● Information supplied
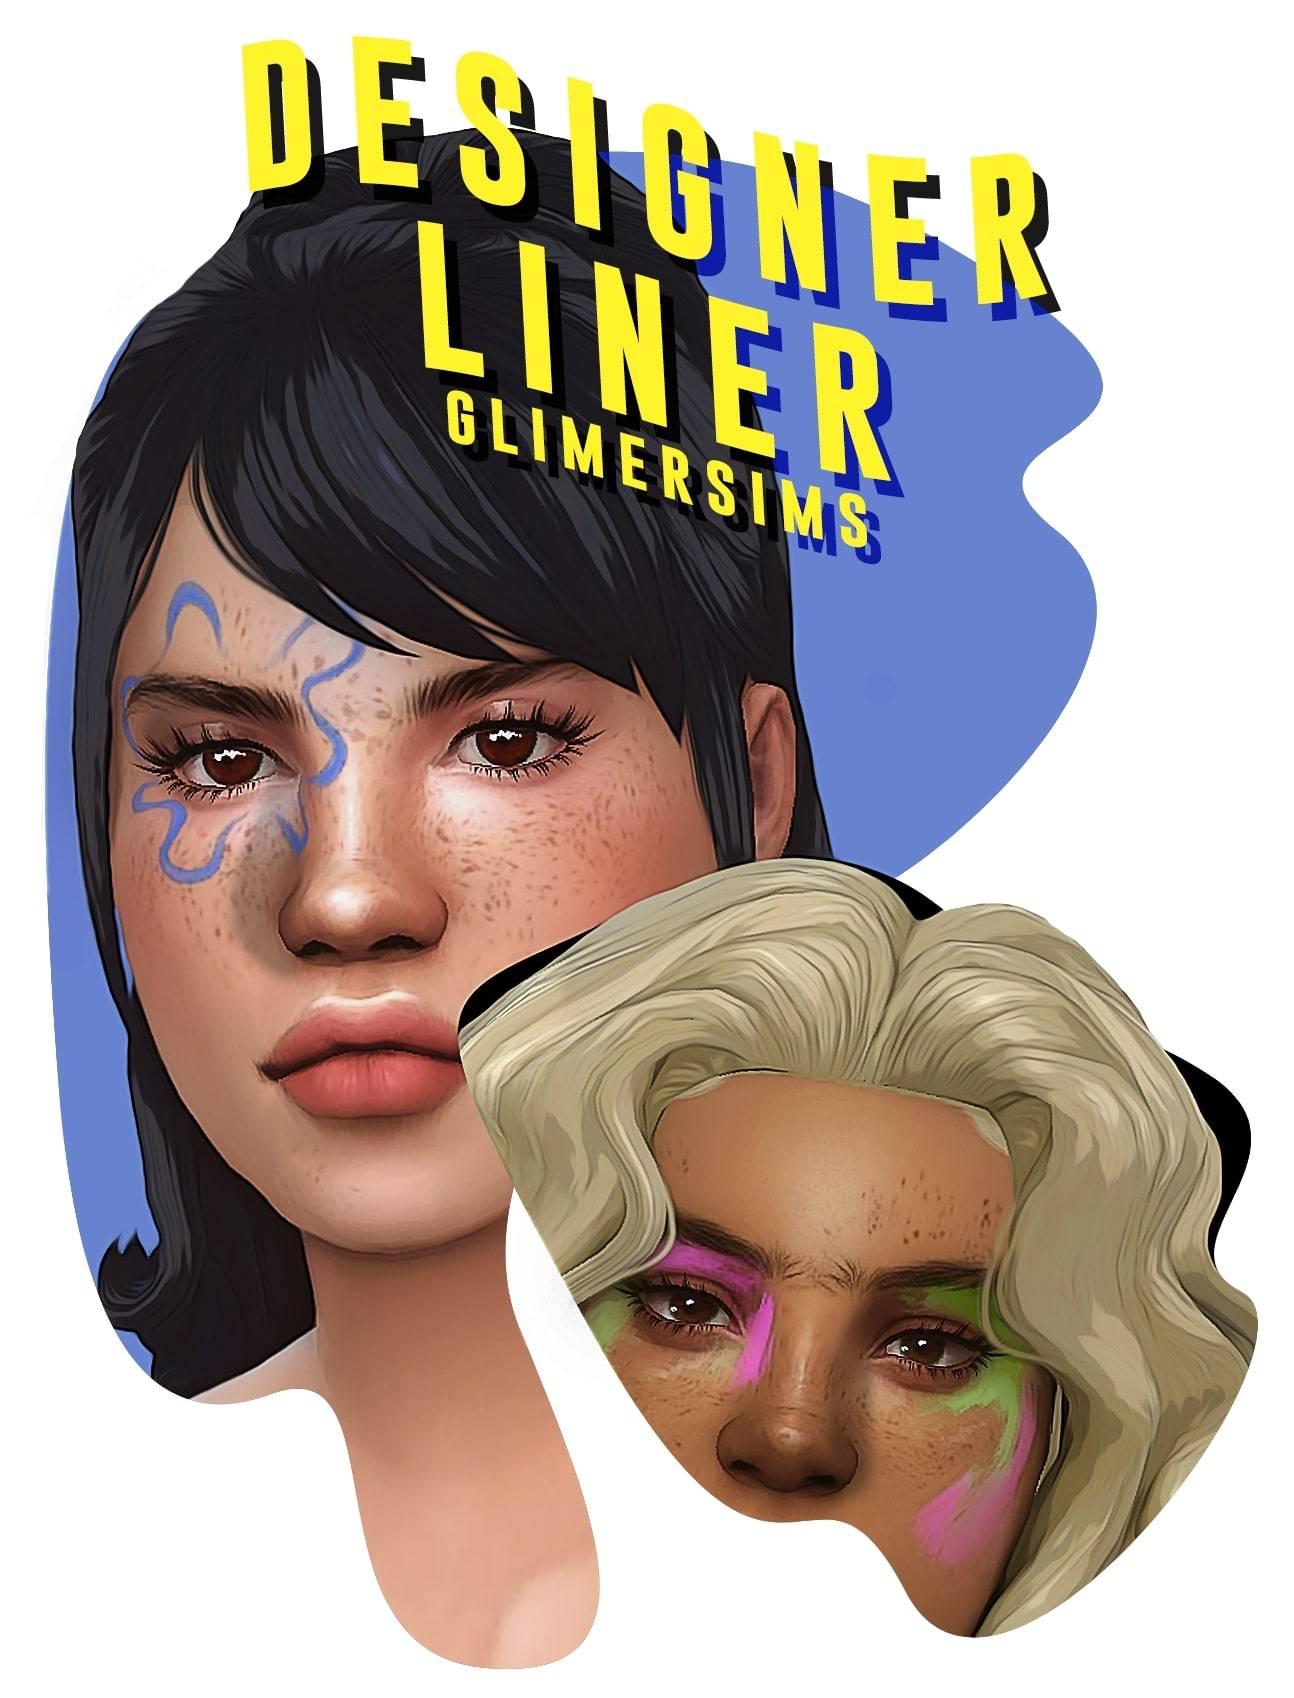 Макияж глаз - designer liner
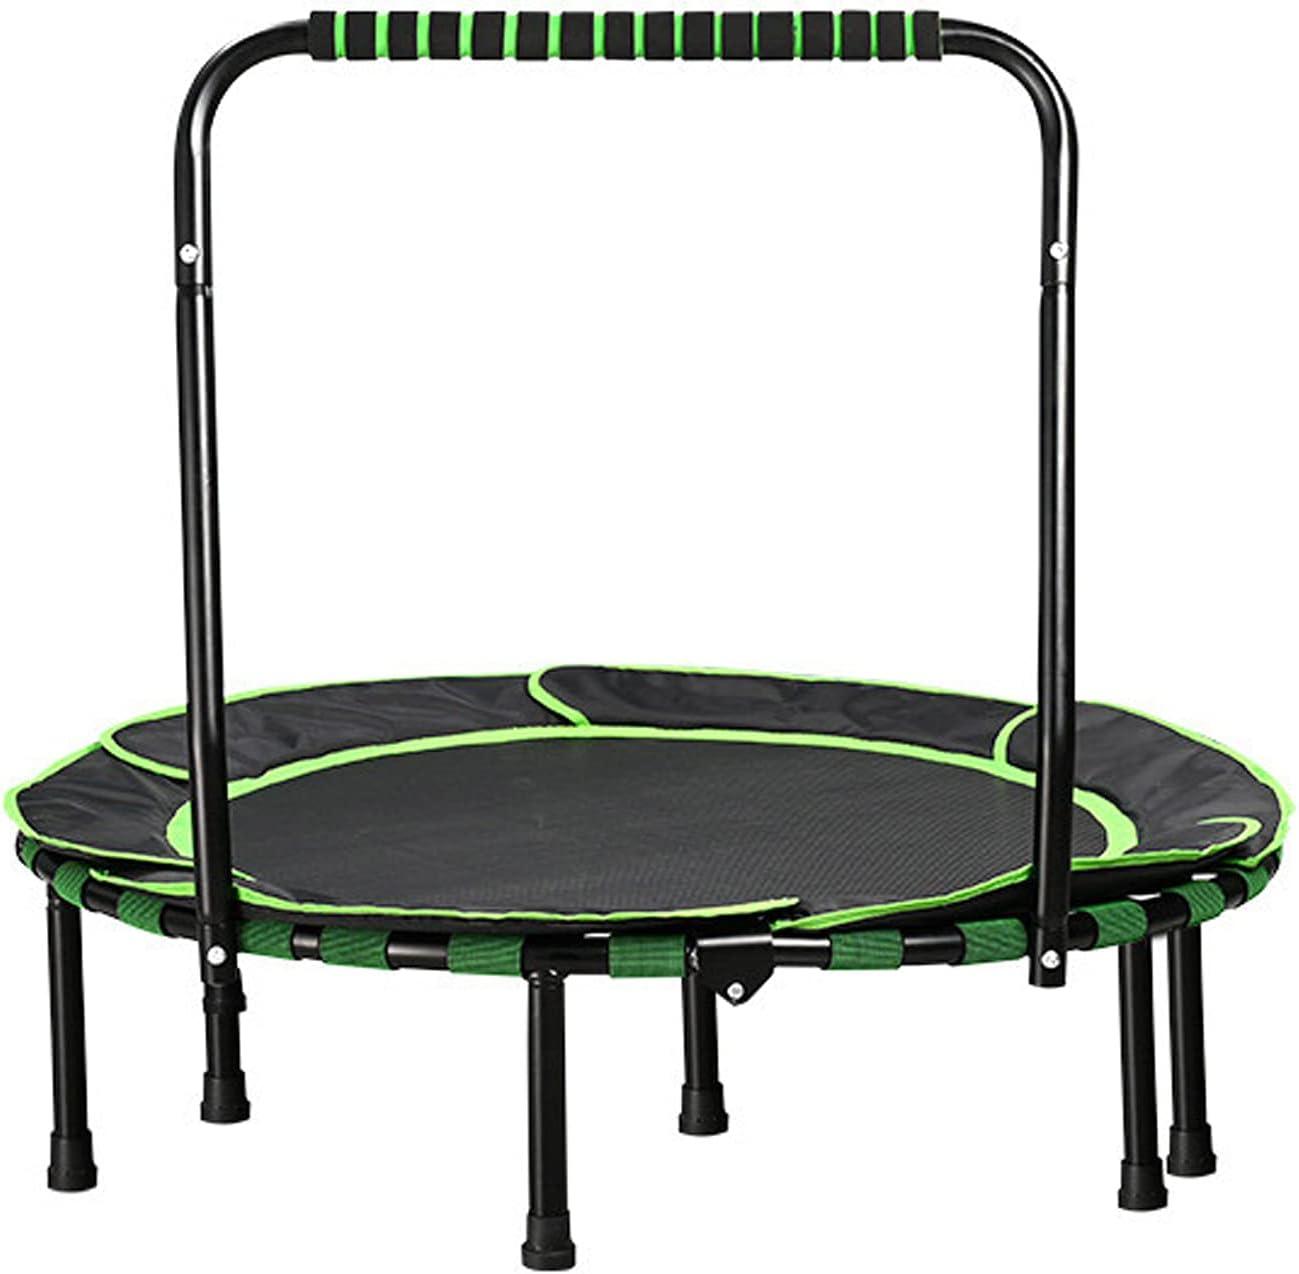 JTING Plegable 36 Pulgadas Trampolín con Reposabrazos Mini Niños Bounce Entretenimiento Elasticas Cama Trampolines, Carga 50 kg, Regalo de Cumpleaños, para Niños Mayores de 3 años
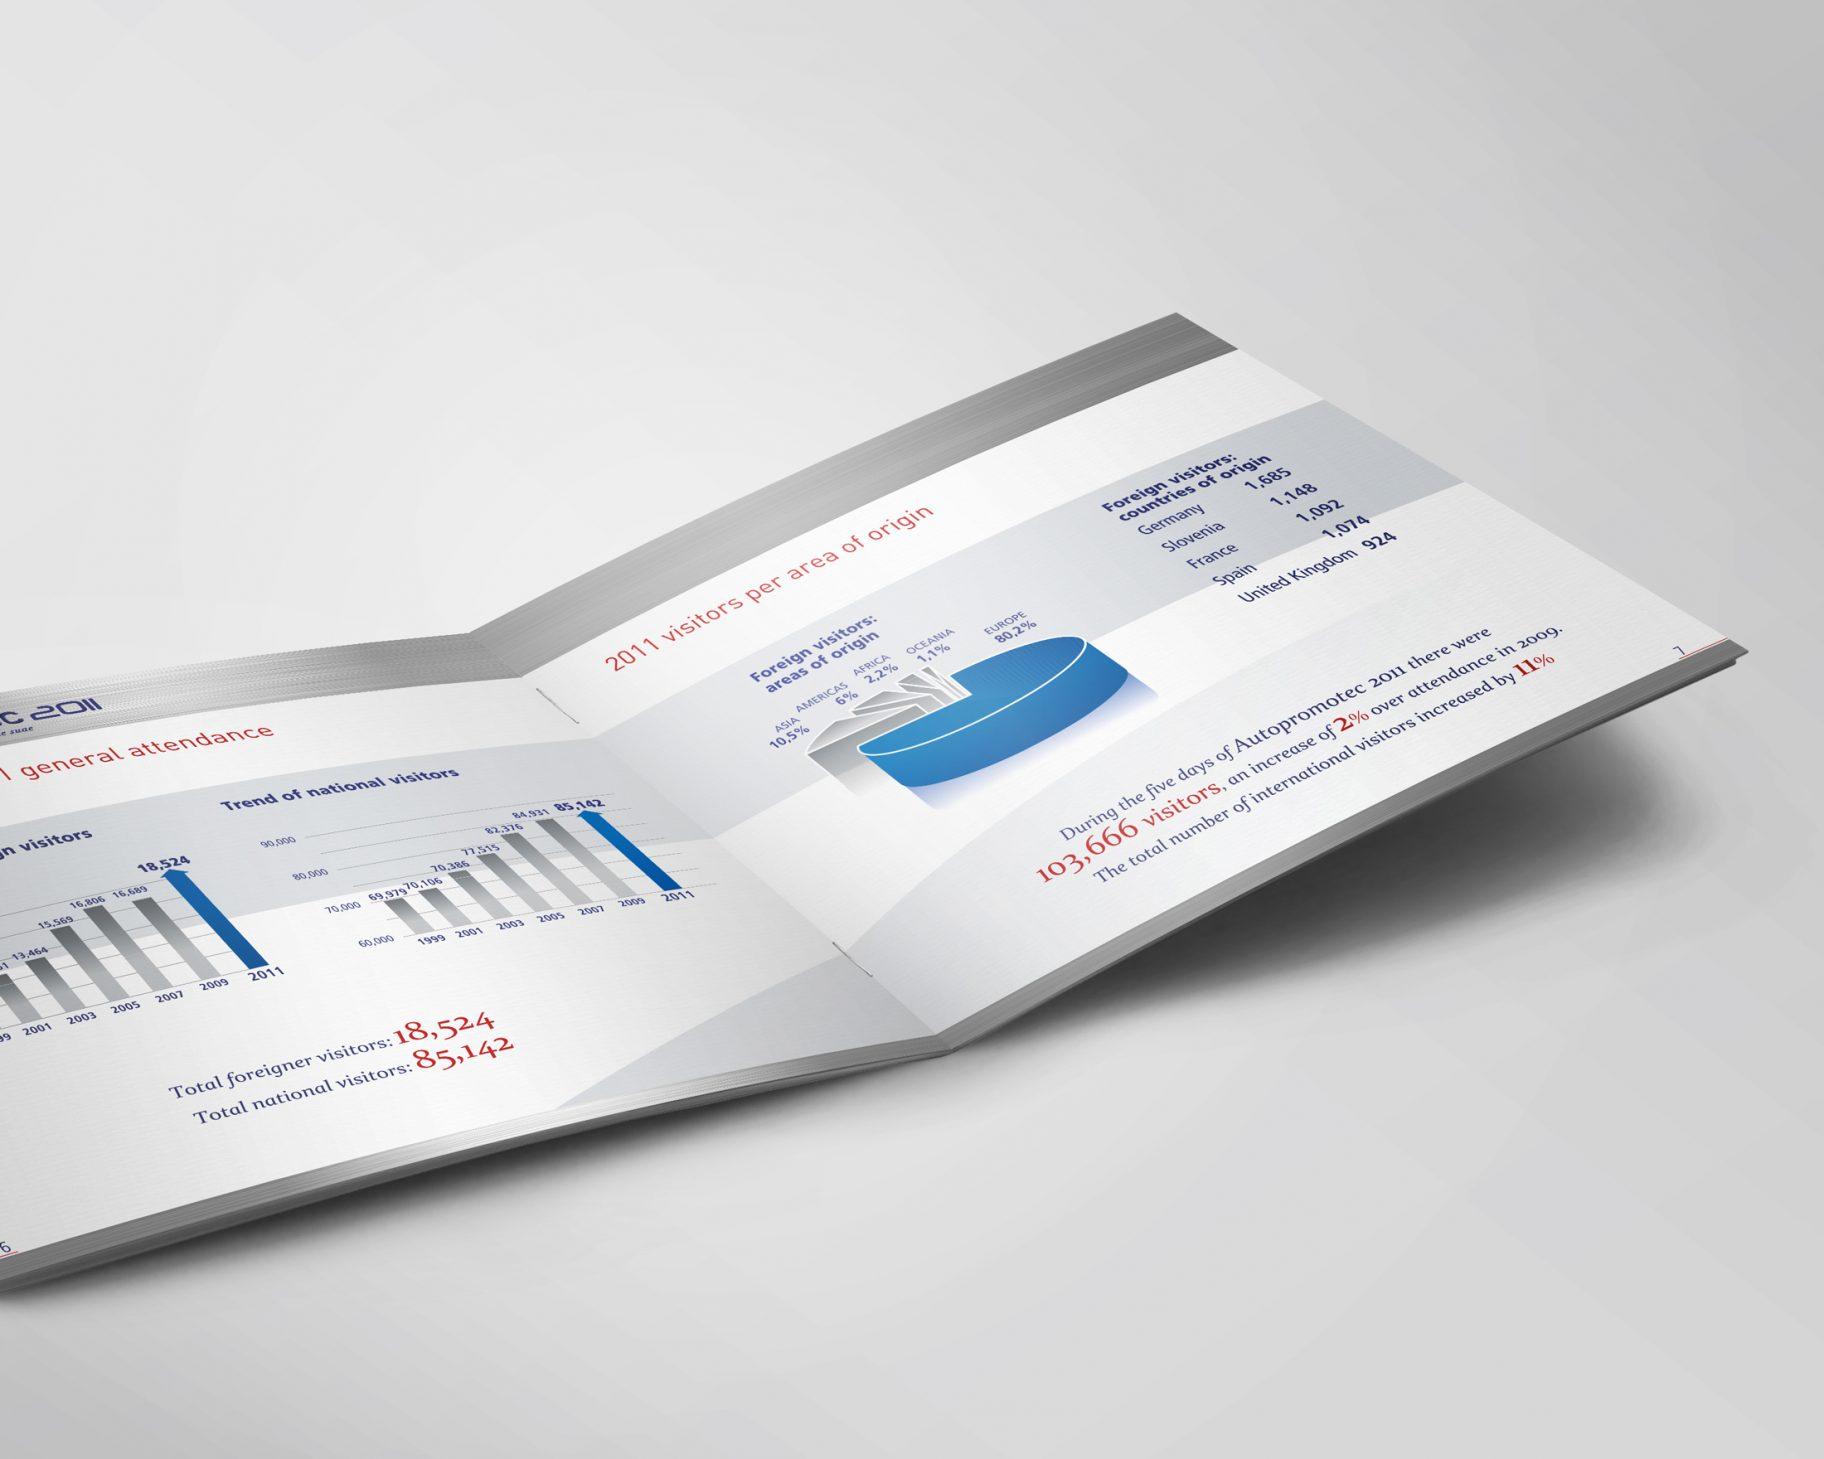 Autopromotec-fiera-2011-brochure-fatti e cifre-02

● Try it
Write the lines above out again exactly, without any of their pictures.

● Output for this task
 Макияж глаз - designer liner
 JTING Plegable 36 Pulgadas Trampolín con Reposabrazos Mini Niños Bounce Entretenimiento Elasticas Cama Trampolines, Carga 50 kg, Regalo de Cumpleaños, para Niños Mayores de 3 años
 Autopromotec-fiera-2011-brochure-fatti e cifre-02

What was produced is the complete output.